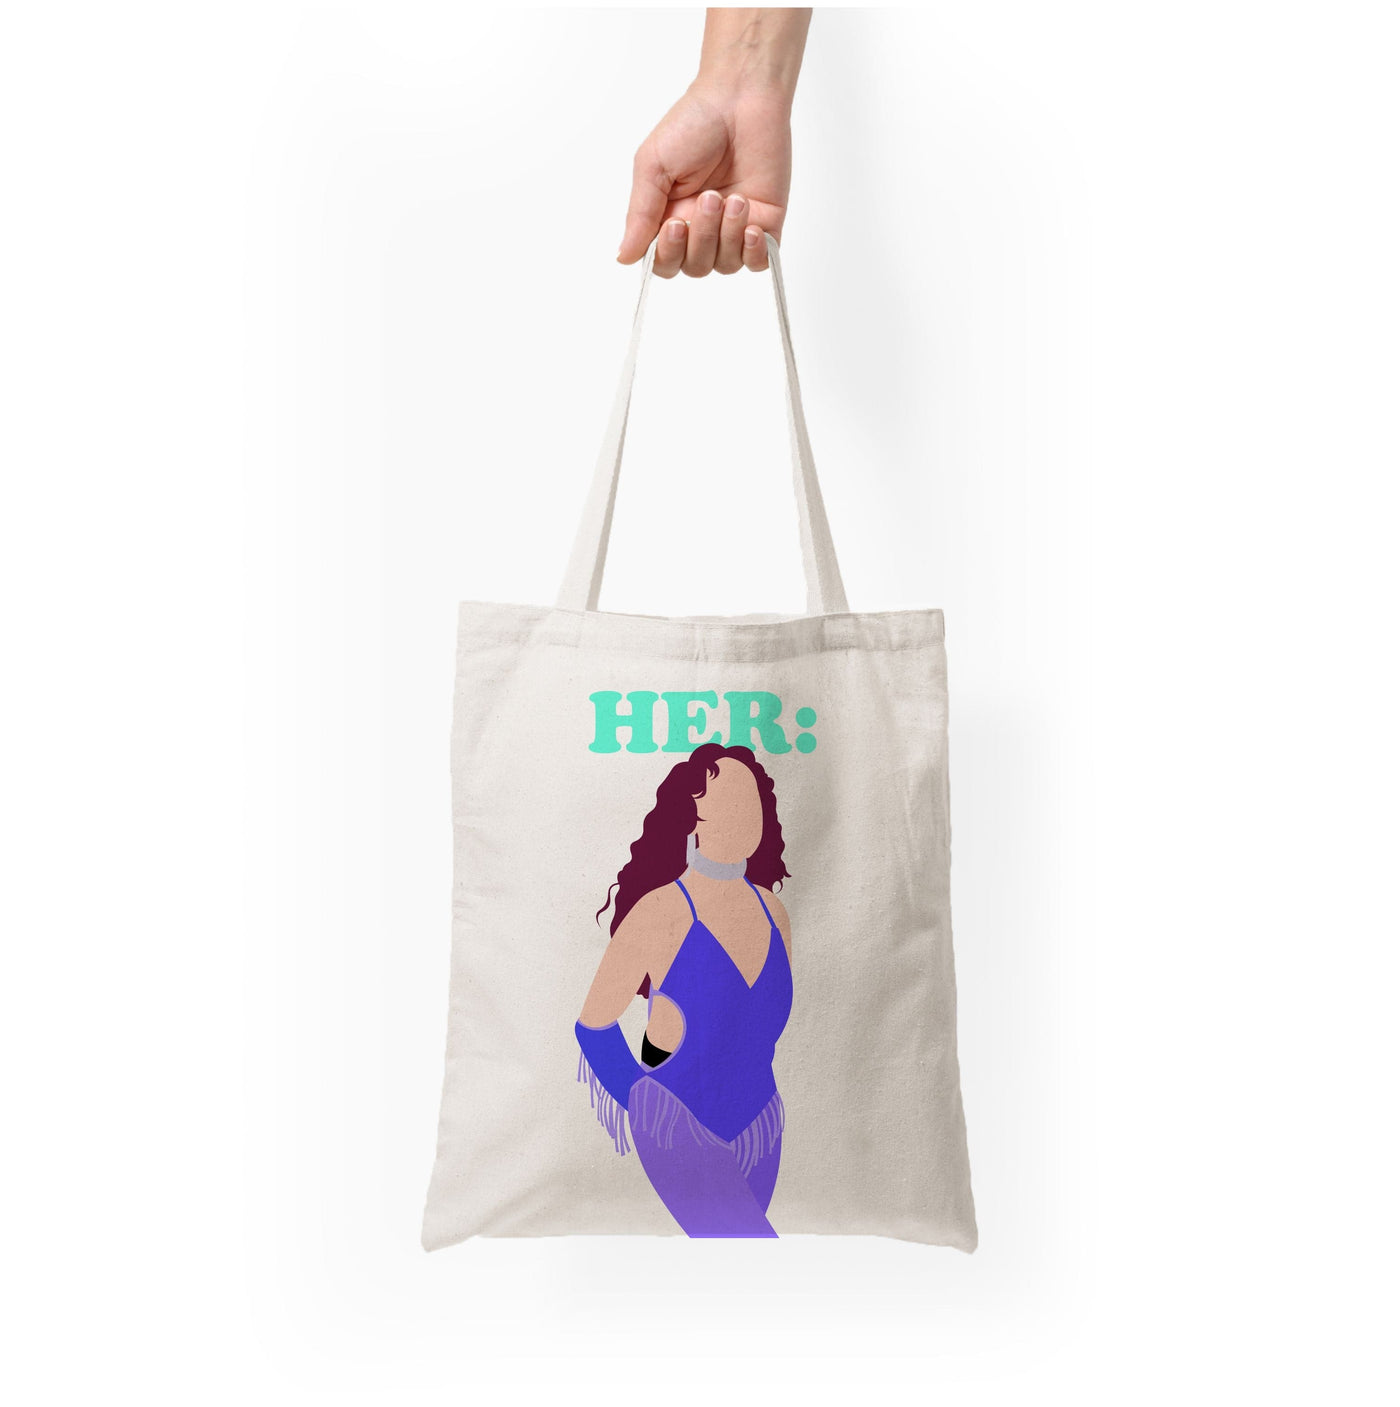 Her - Chappell Roan Tote Bag
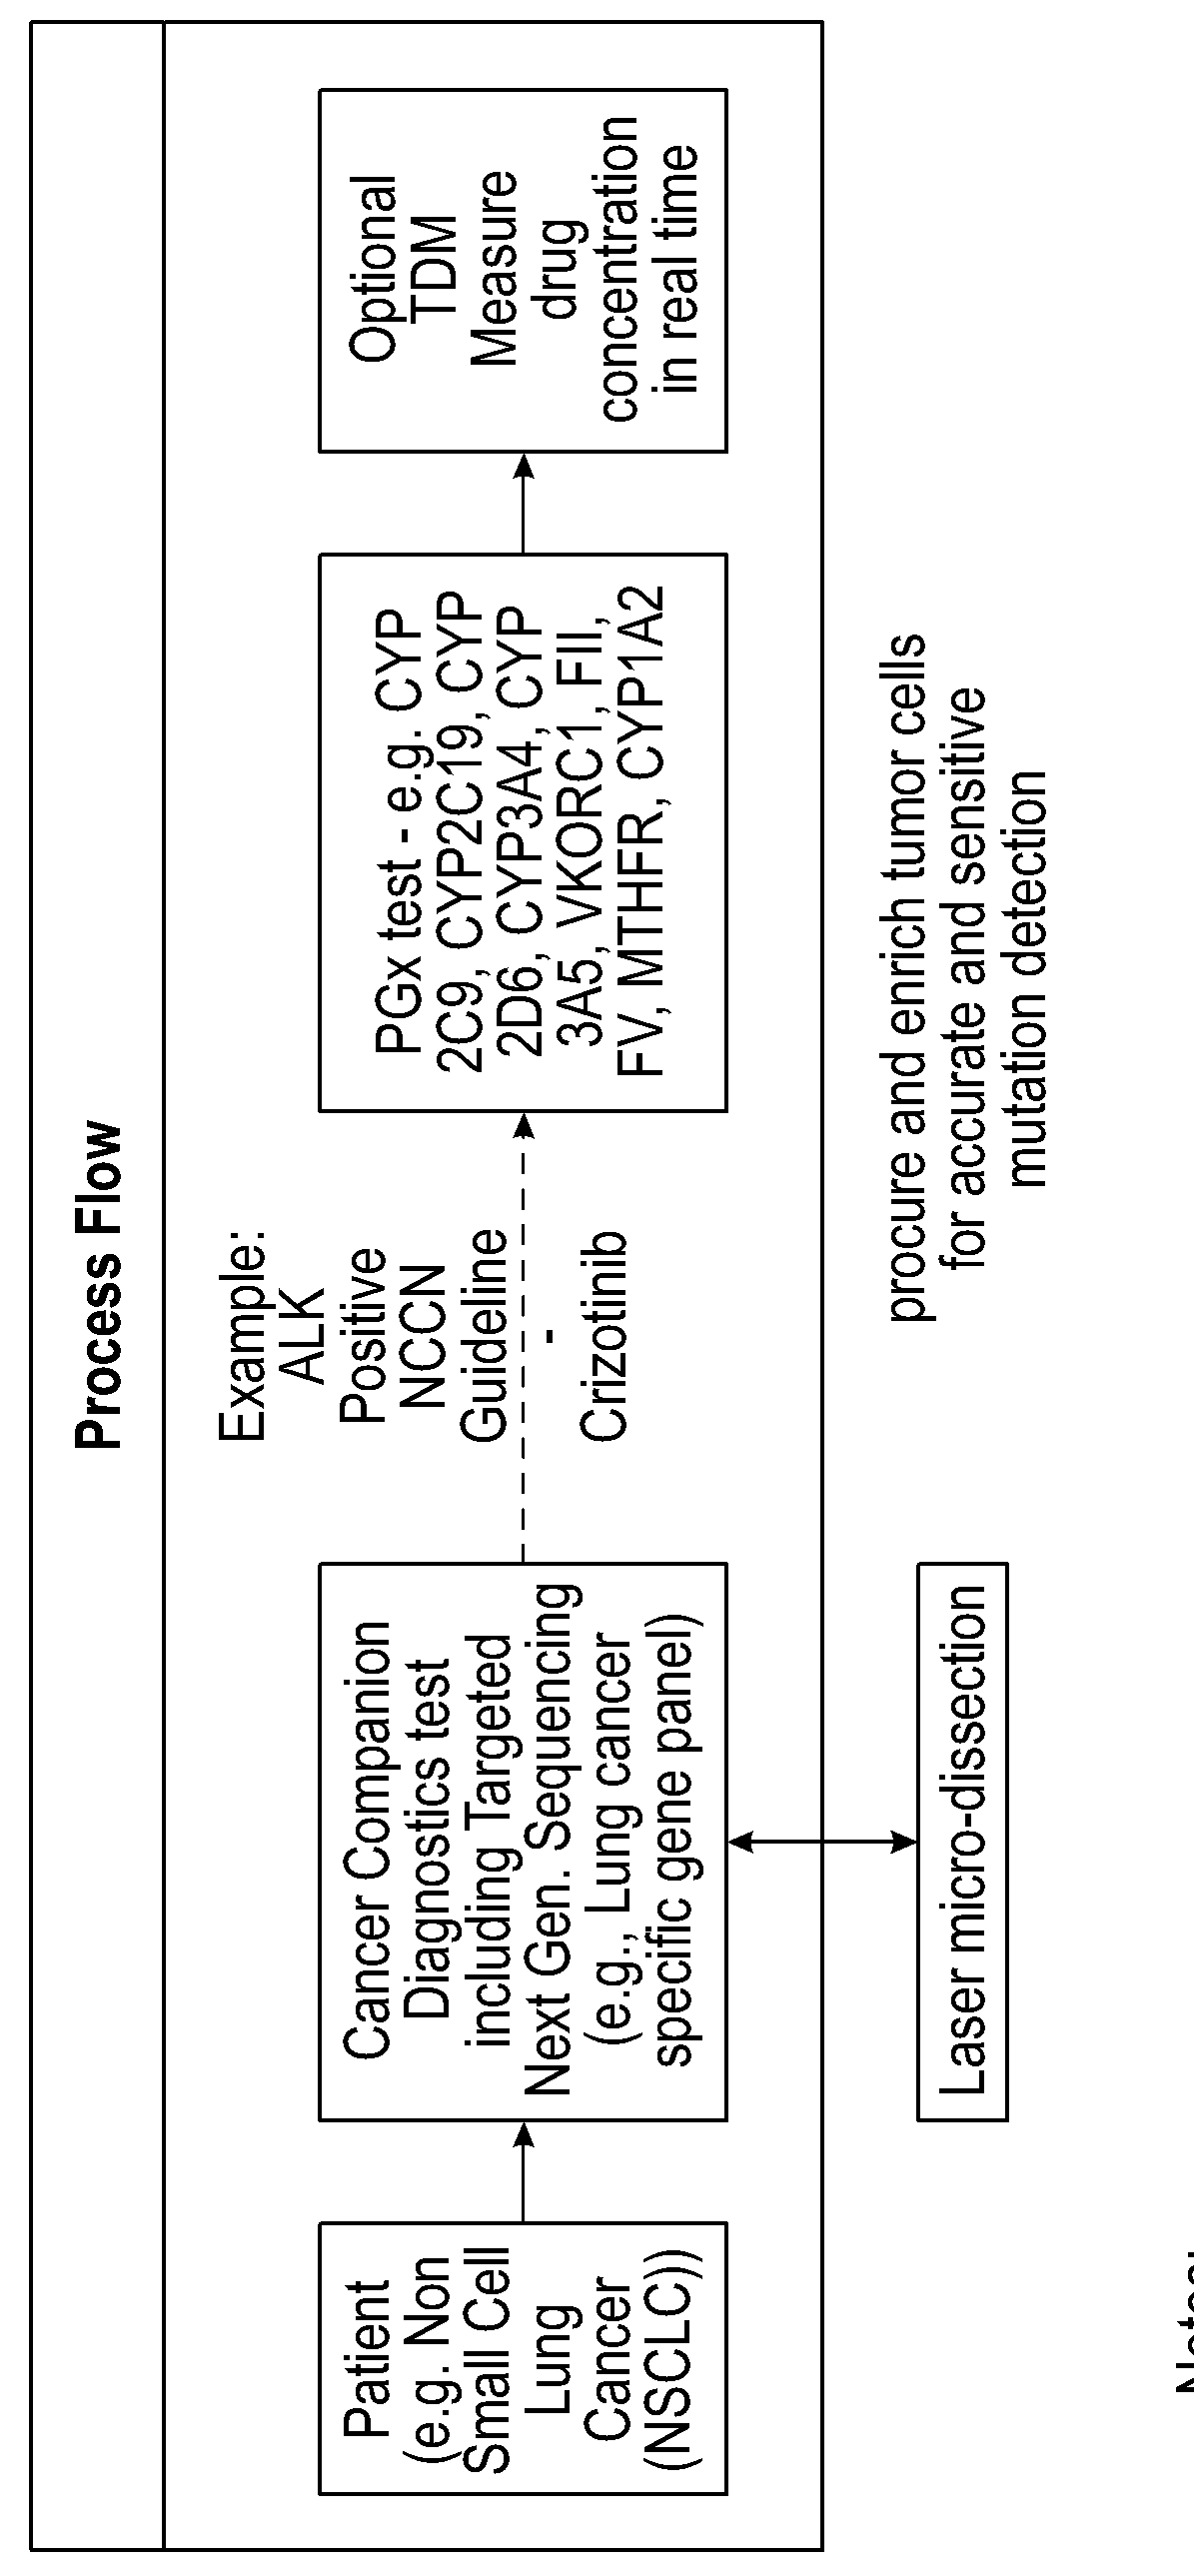 Tailored drug therapies and methods and systems for developing same
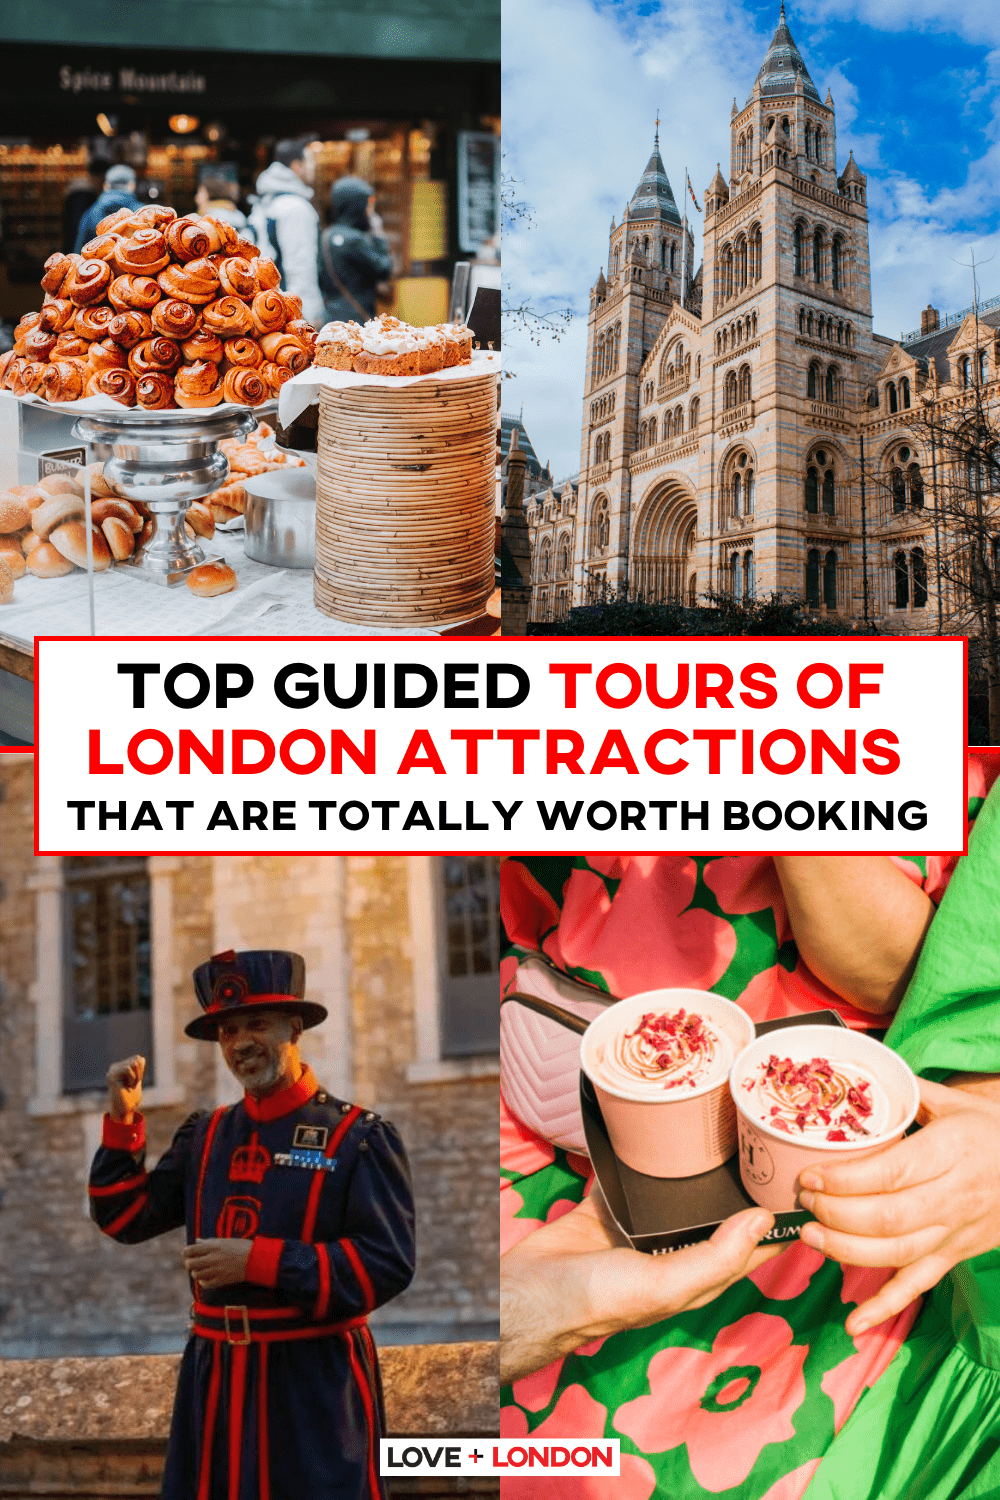 Top Guided Tours of London Attractions that are Totally Worth Booking

Exercise instructions>
Set the listing above down again exactly, leaving pictures out.

Final answer>
 Her - Chappell Roan Tote Bag
 Tailored drug therapies and methods and systems for developing same
 Top Guided Tours of London Attractions that are Totally Worth Booking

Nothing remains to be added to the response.